• [To do] Retype the lines of the material below, exactly and only, from the one containing "厕所标志 男女标志 淑女绅士标志" through the last line, with pictures left out.

• [Data extract]
——
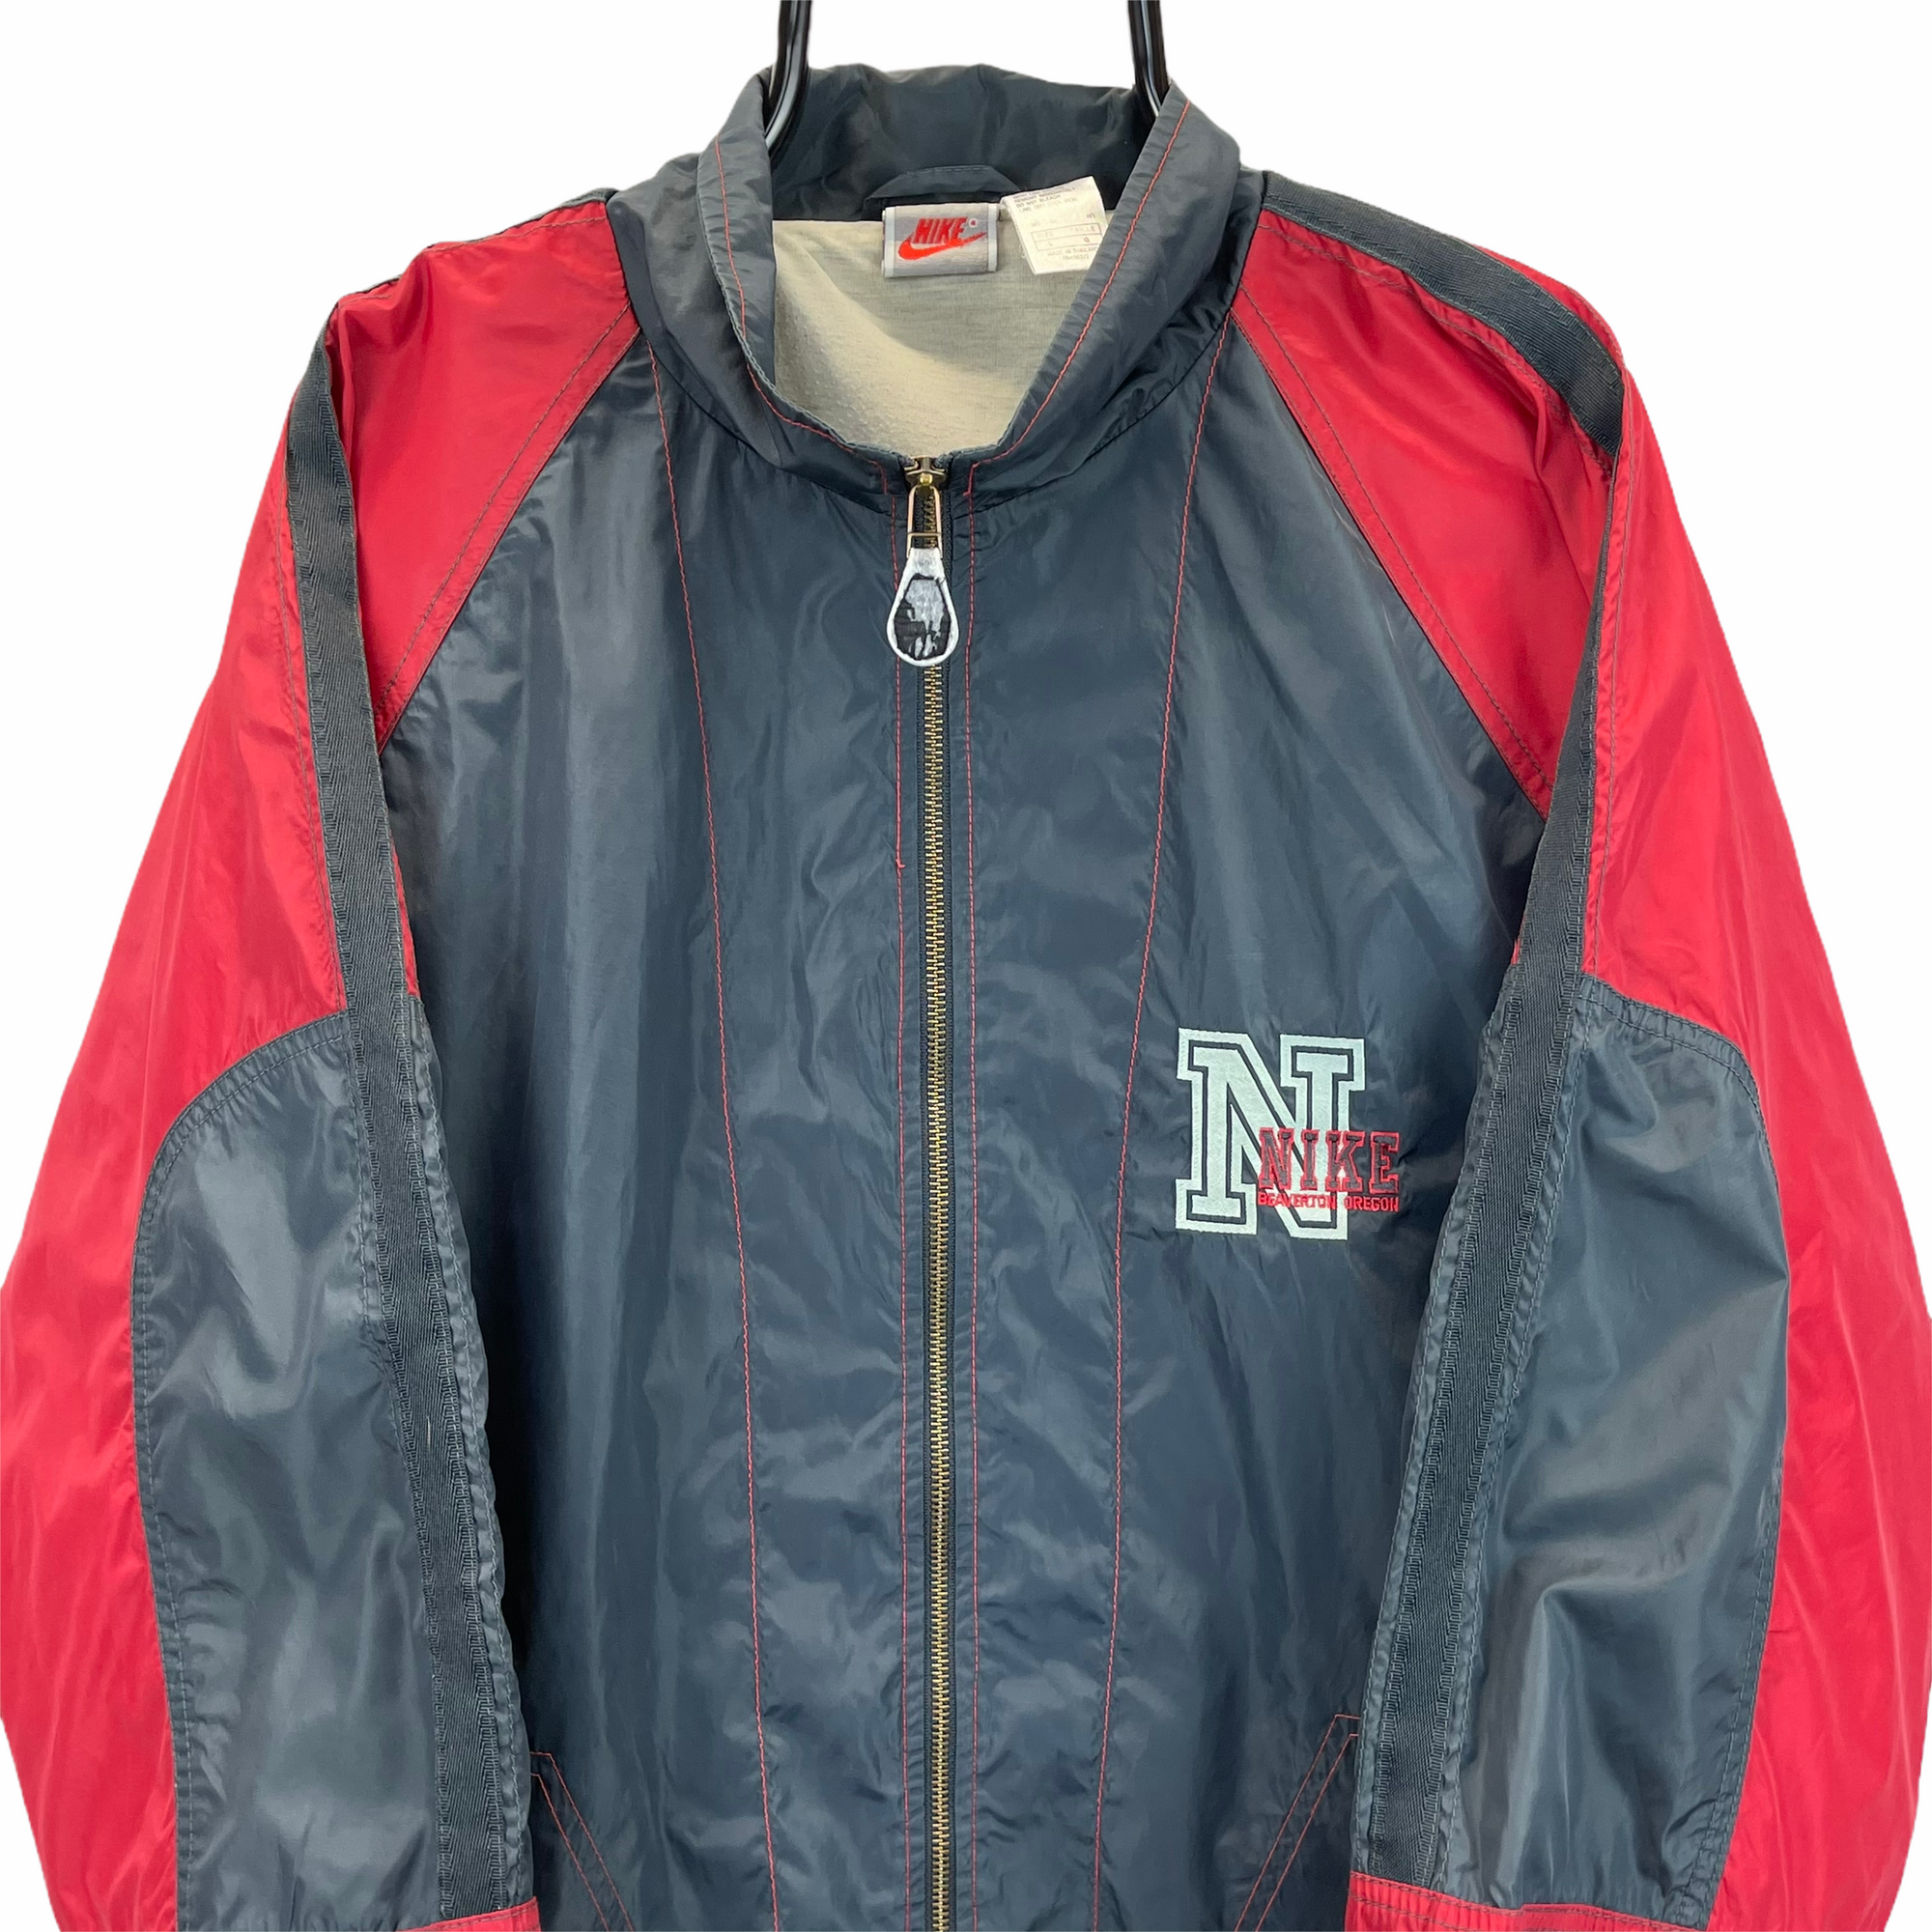 Vintage 80s Nike Track Jacket in Red & Dark Grey - Men's XL/Women's XXL
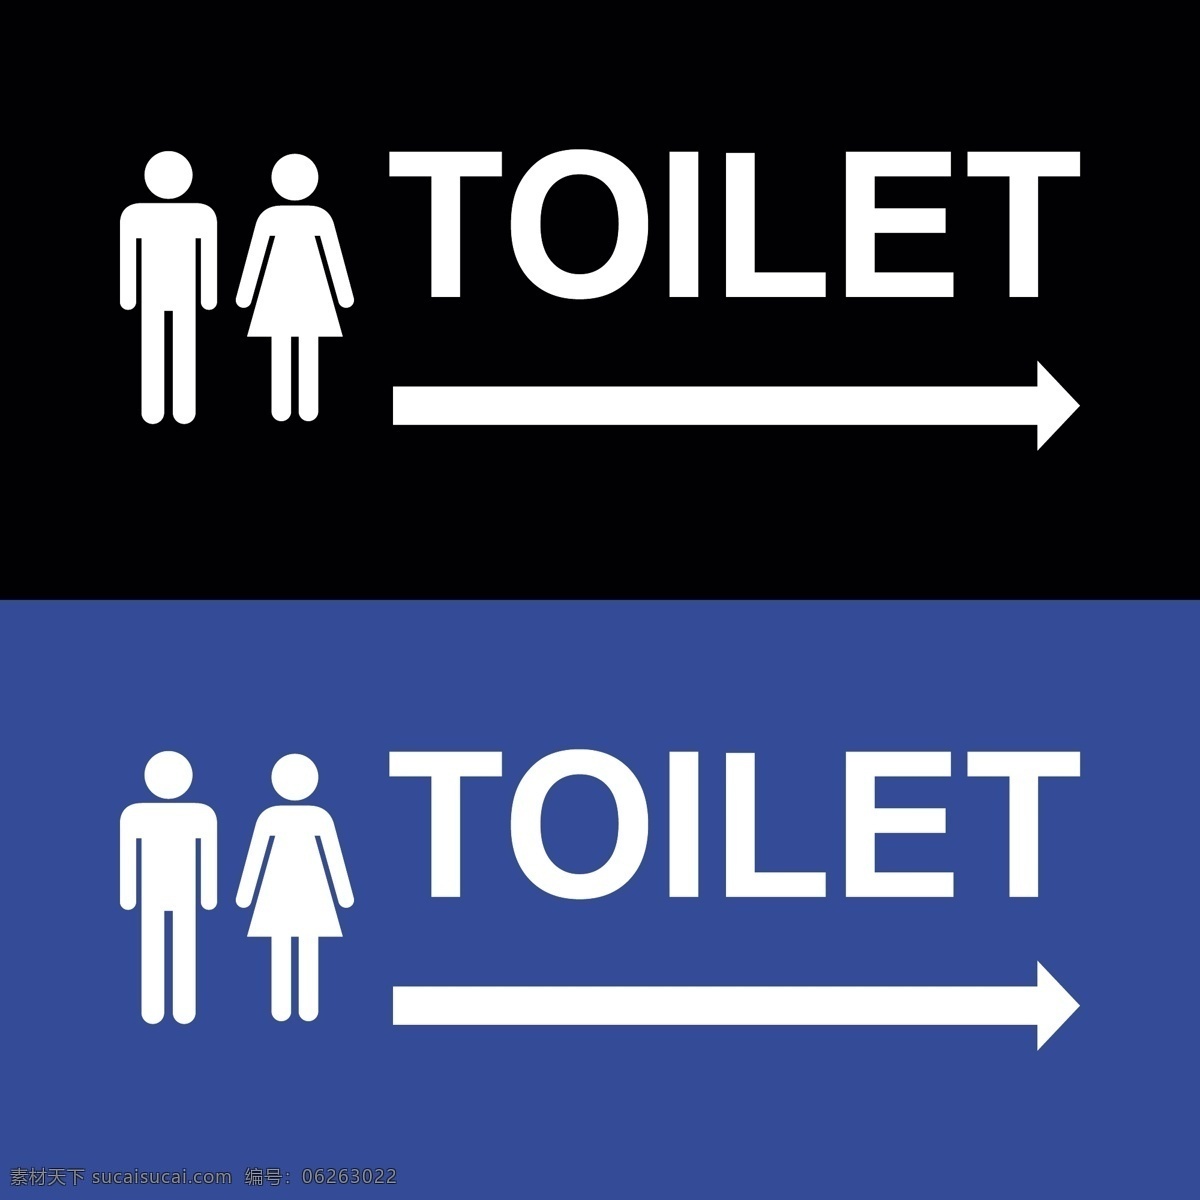 厕所标志 男女标志 淑女绅士标志 men women 公共标志 男女厕所标志 矢量 标志图标 公共标识标志
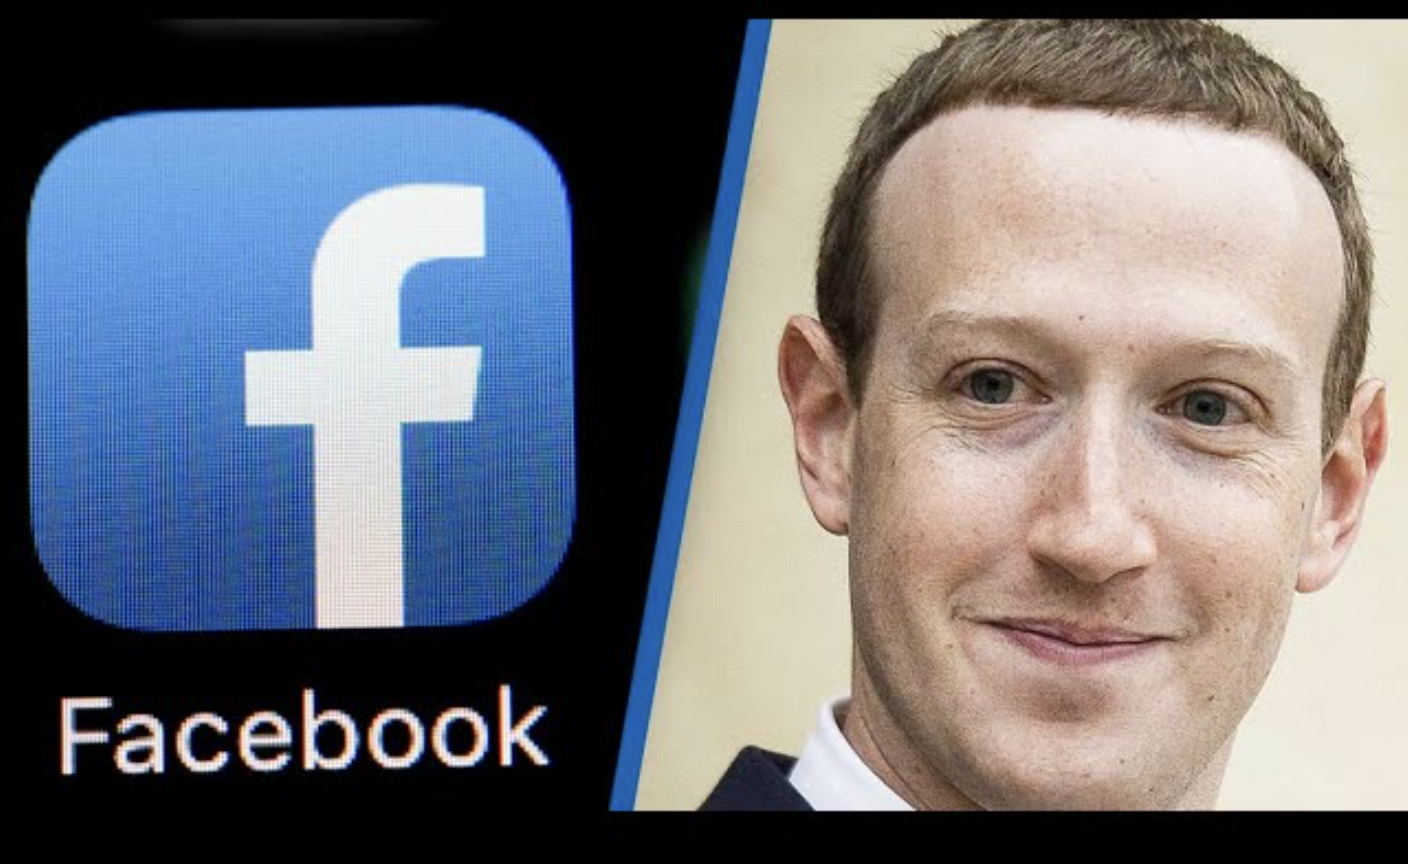 Facebook logo and CEO
——
• [Task response]
 厕所标志 男女标志 淑女绅士标志 men women 公共标志 男女厕所标志 矢量 标志图标 公共标识标志
 Facebook logo and CEO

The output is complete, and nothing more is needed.